* [Problem]:
Could you print exactly the lines of the listing below, starting at the line that has "El Dr. William" and ending at the line that has "sprinkles reopening", and only those lines?
Records for processing Start Marker
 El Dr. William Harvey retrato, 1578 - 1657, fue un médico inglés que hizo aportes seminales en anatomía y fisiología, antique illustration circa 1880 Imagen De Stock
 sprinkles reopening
Records for processing End Marker
Records for processing Start Marker
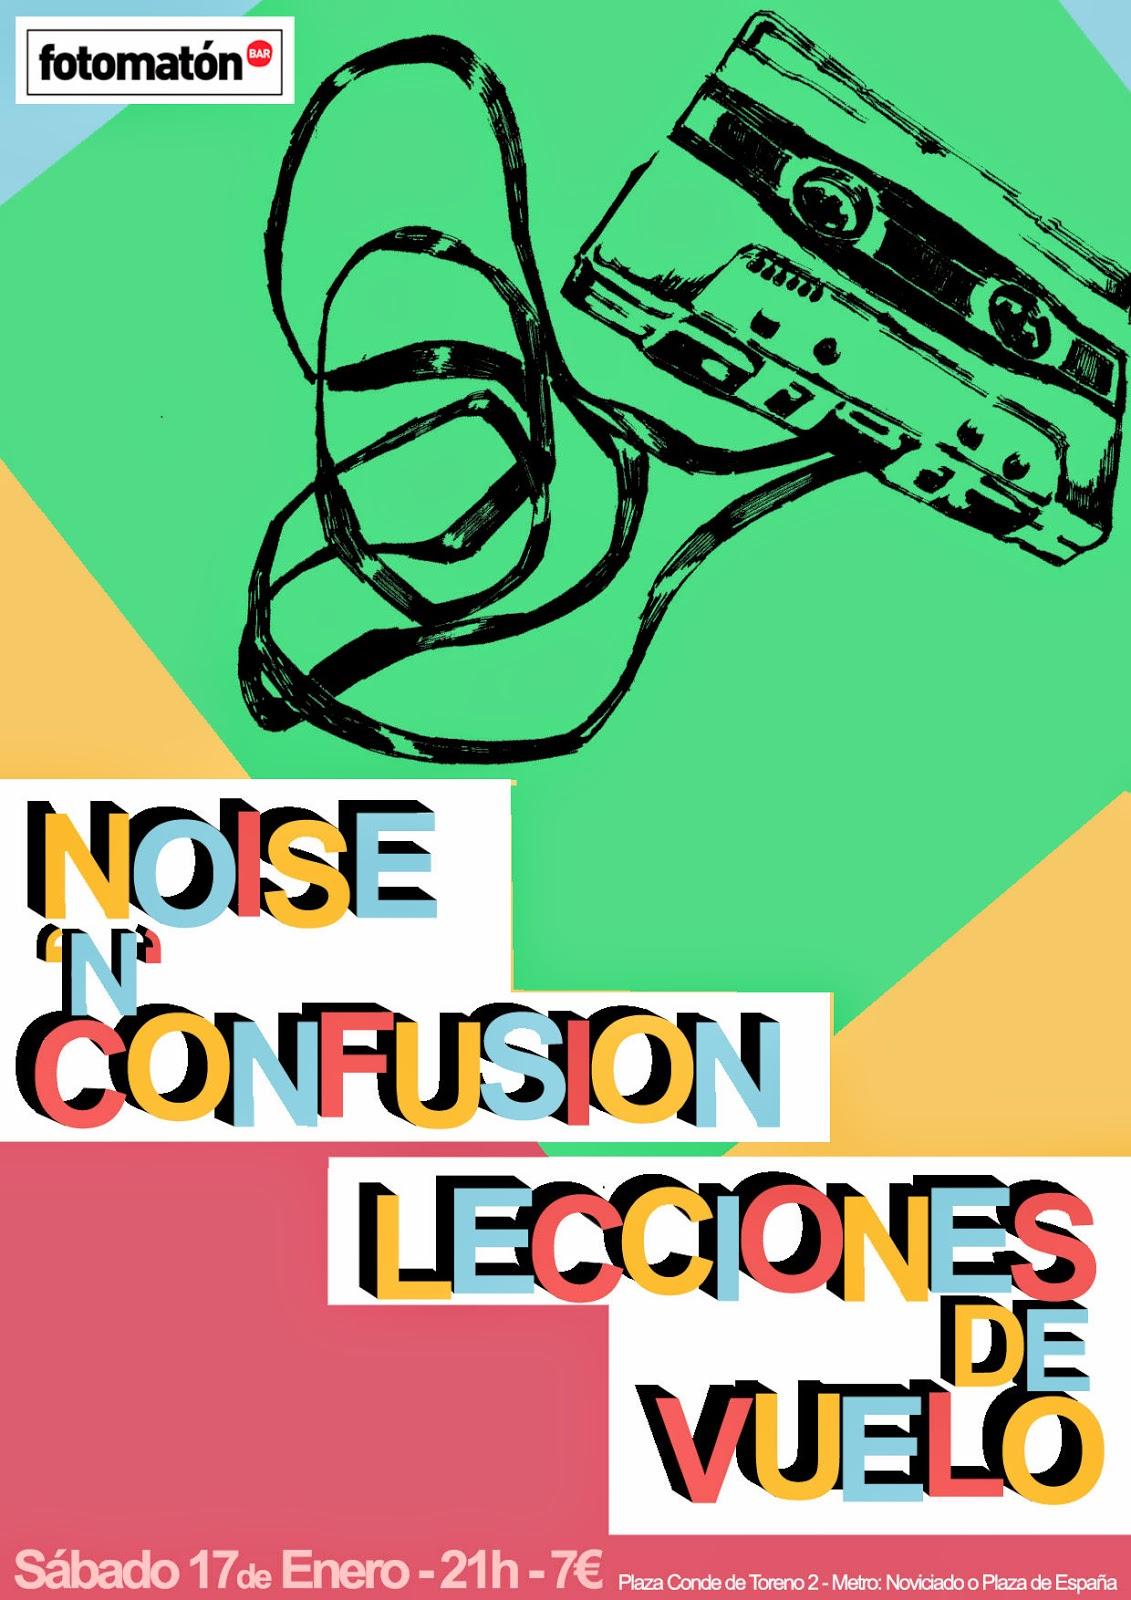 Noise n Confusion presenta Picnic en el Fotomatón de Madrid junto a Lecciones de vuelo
Records for processing End Marker
* [Task output]:
 El Dr. William Harvey retrato, 1578 - 1657, fue un médico inglés que hizo aportes seminales en anatomía y fisiología, antique illustration circa 1880 Imagen De Stock
 sprinkles reopening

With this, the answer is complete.